(Collected material):

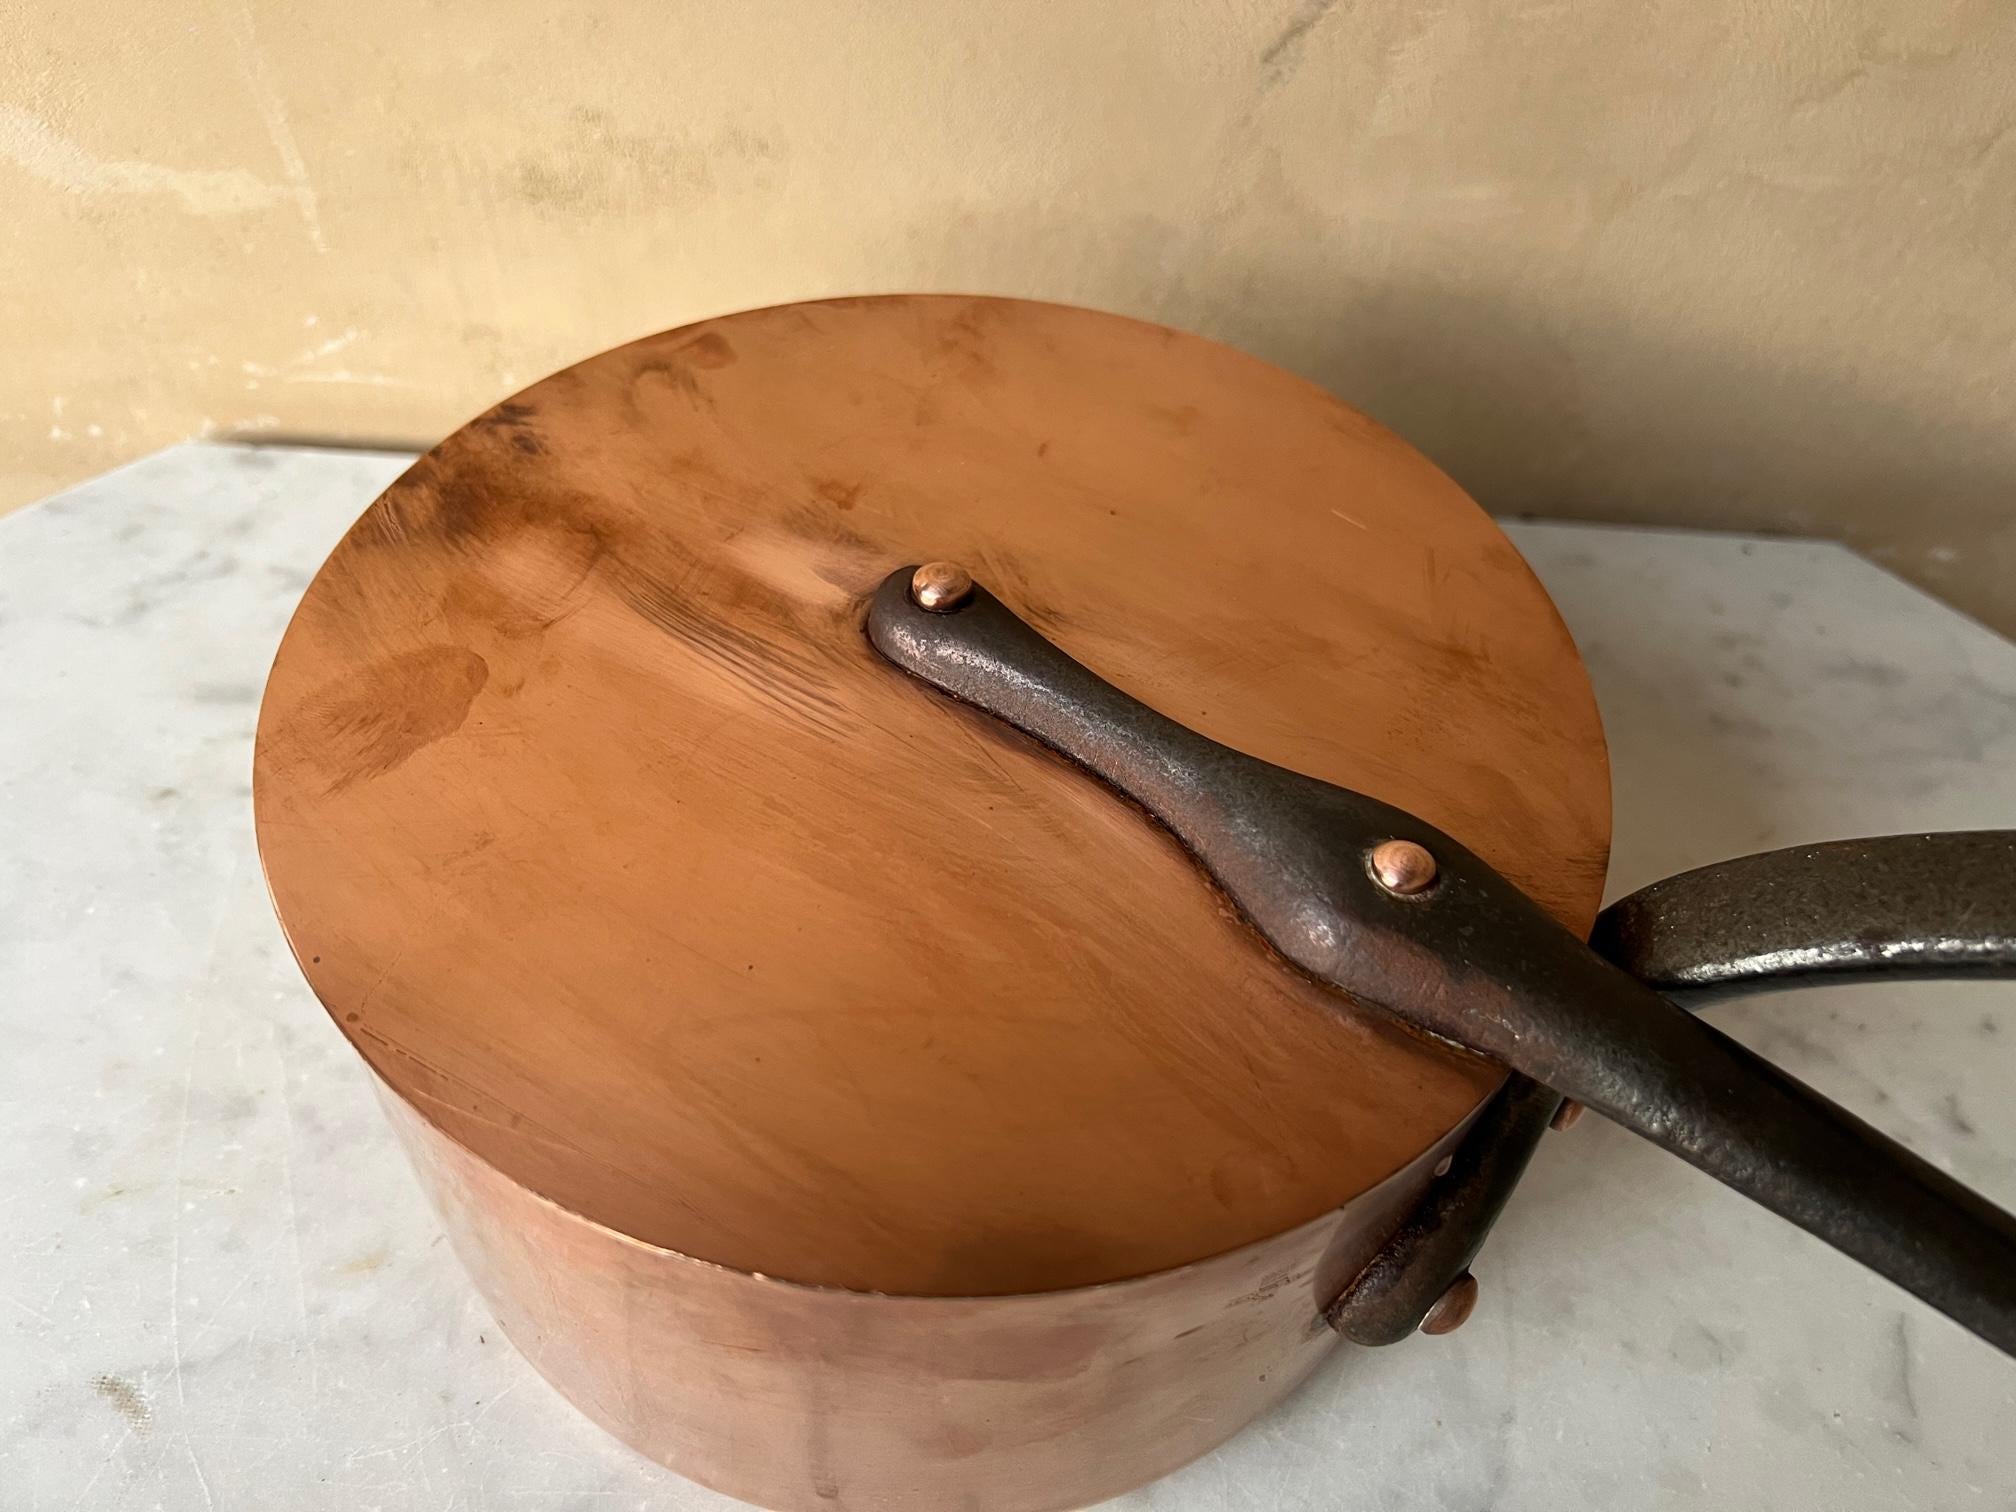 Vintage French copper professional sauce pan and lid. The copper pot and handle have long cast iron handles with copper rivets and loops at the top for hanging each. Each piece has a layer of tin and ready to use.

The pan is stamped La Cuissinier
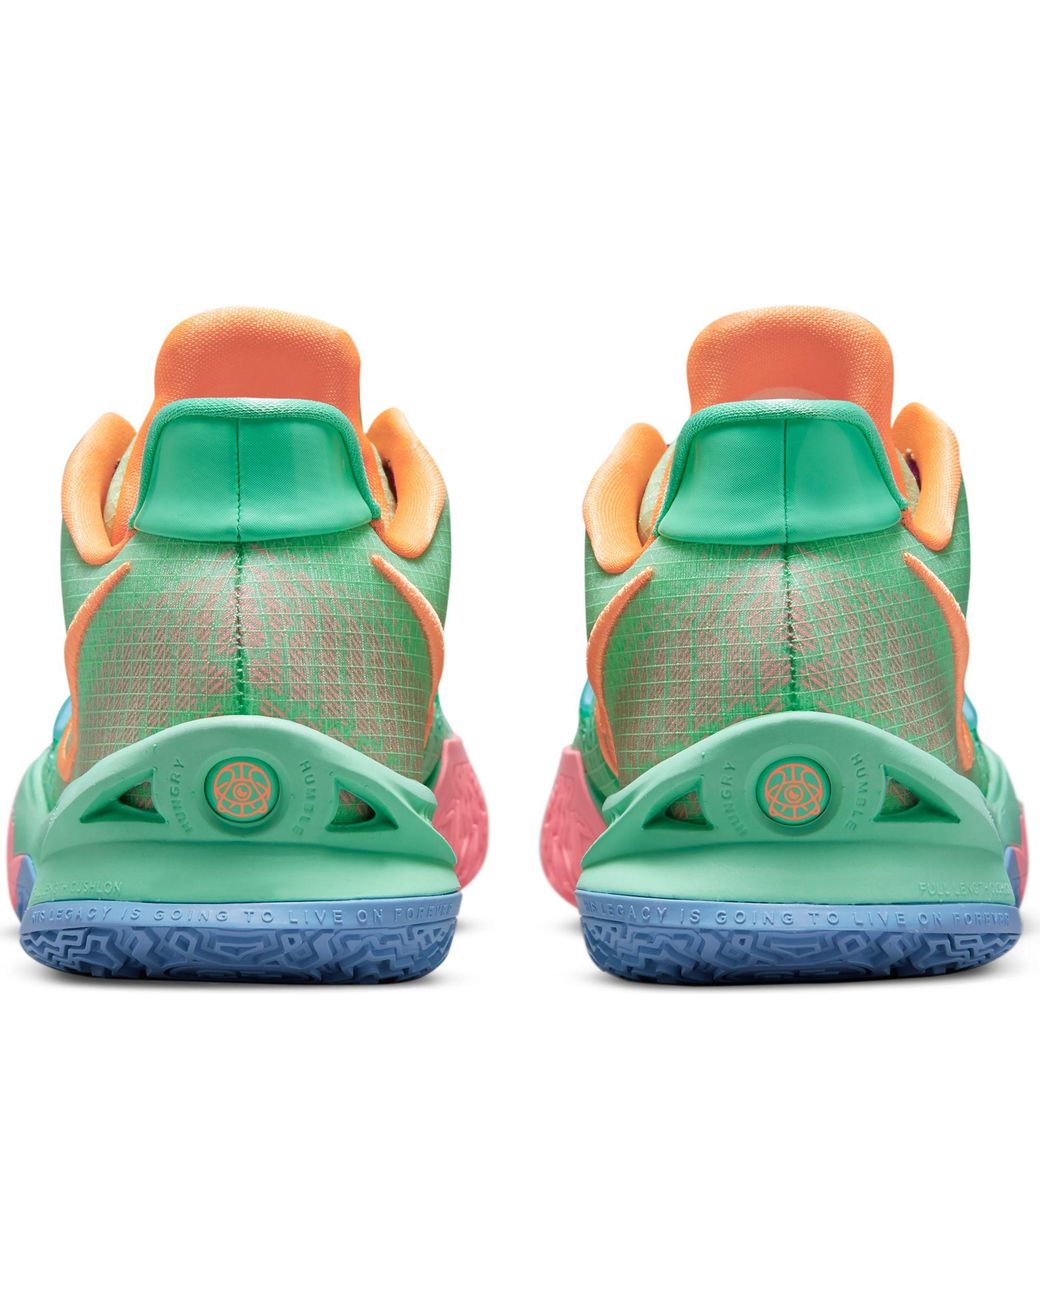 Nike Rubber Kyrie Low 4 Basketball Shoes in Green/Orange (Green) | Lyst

(Try it):
Leaving aside the pictures, copy the listing above exactly.

(Problem solution):
 Vintage French copper professional sauce pan and lid. The copper pot and handle have long cast iron handles with copper rivets and loops at the top for hanging each. Each piece has a layer of tin and ready to use.

The pan is stamped La Cuissinier
 Nike Rubber Kyrie Low 4 Basketball Shoes in Green/Orange (Green) | Lyst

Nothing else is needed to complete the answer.